There was a pause, and Alex leaned in unconsciously.

"They'd come for him," Myles continued. "And for us. And not everyone in the Society has clean motives."

"I know the risks," Kade said. "But I've seen Alex in the field. He's rough, sure—but he's also real. He reacts with instinct and empathy. That's rare."

"You're gambling lives on this, Kade."

"I already have."

The footage ended in a hiss of static. Alex stood frozen, the screen's glow reflecting off his eyes.

Alex backed away from the footage , his breath caught in his chest.

Genesis whispered, "So… not everyone believes in you. Not yet."

Alex didn't answer. But the weight in his chest hardened into something sharper.

Later, during a cooldown break in the sim-garden, the pulse-light trees glowed soft lavender. Alex found a quiet spot to rest—but noticed someone sitting beneath the central tree.

A girl, around his age, cross-legged and humming quietly to herself.
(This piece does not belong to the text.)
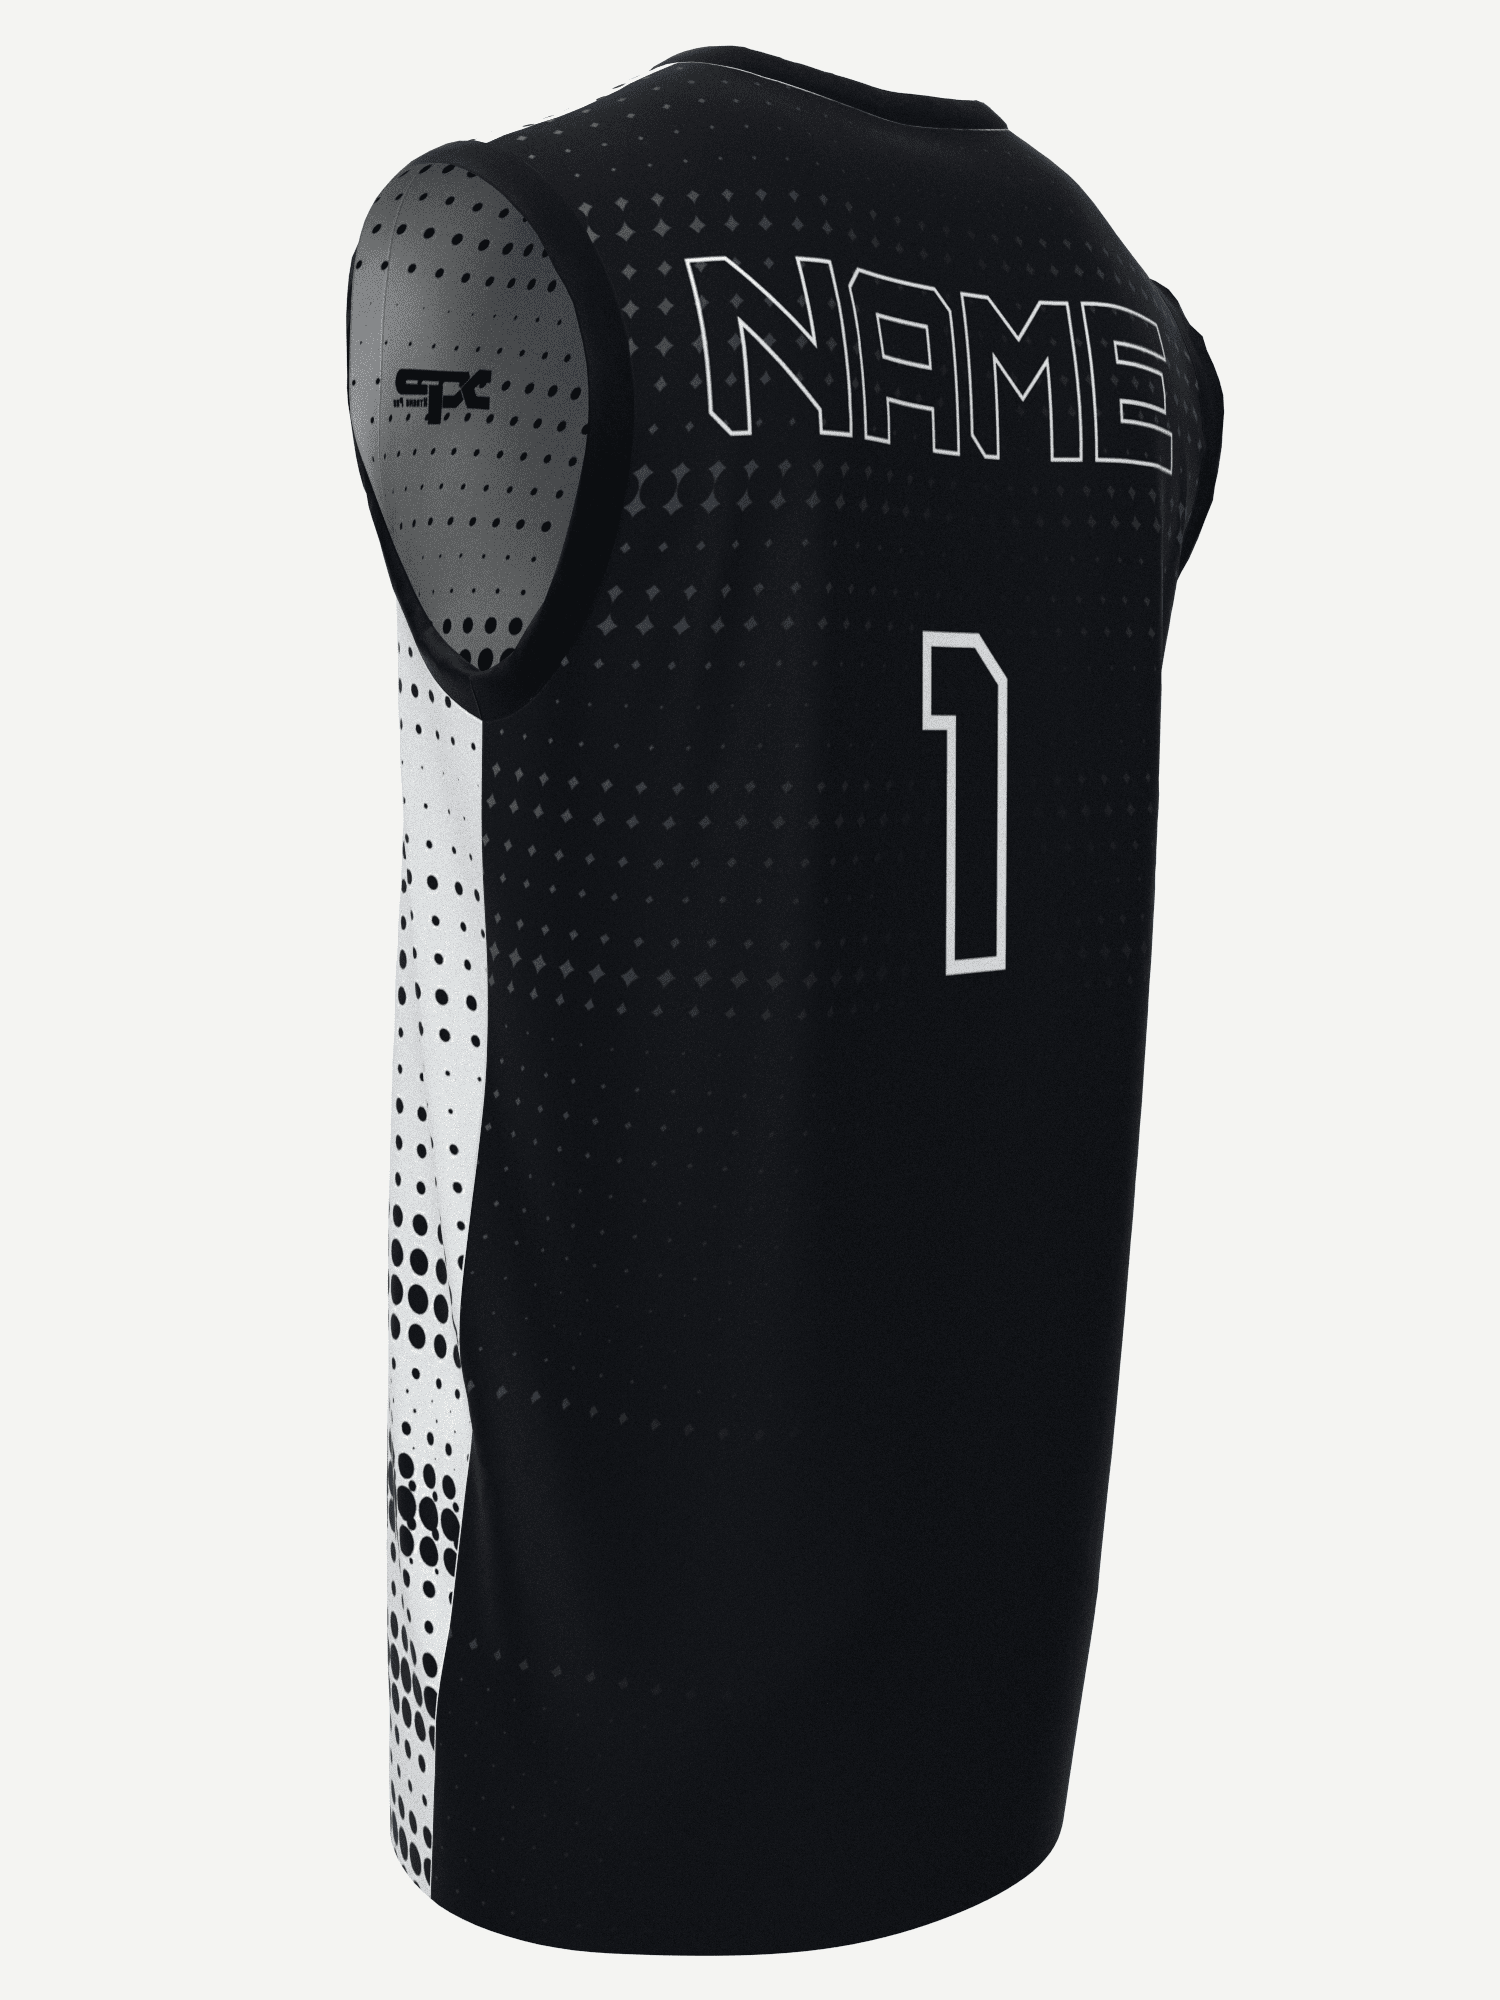 Halftone Speed Jersey in black and white Xtreme Pro Apparel

Her copper-blonde braid glinted under the lights. In her hands was a shifting holo-puzzle, flickering with fragmented algorithms.

She looked up and smiled. "Hey. You're Alex, right?"

He hesitated. "Yeah. And you are?"

"Sera. Just transferred from Central Branch." She tilted her head. "I heard about you. Sentient console bonding and all that. Pretty impressive."

Alex blinked. "People talk fast."

"They do. Especially when someone makes waves."

He offered a cautious smile. "You into simulations?"

"I build them," she said, her voice proud but kind. "Want to see one sometime?"

Something in Alex eased. Maybe it was her openness. Maybe it was the way her presence didn't press—just invited.

"Yeah," he said. "I'd like that."

Genesis hummed. "Romantic tension index: recalibrating. Lena may have competition."

Alex rolled his eyes. "Not everything is about tension."

But deep down, he felt it too.

Something had shifted. And it wasn't over.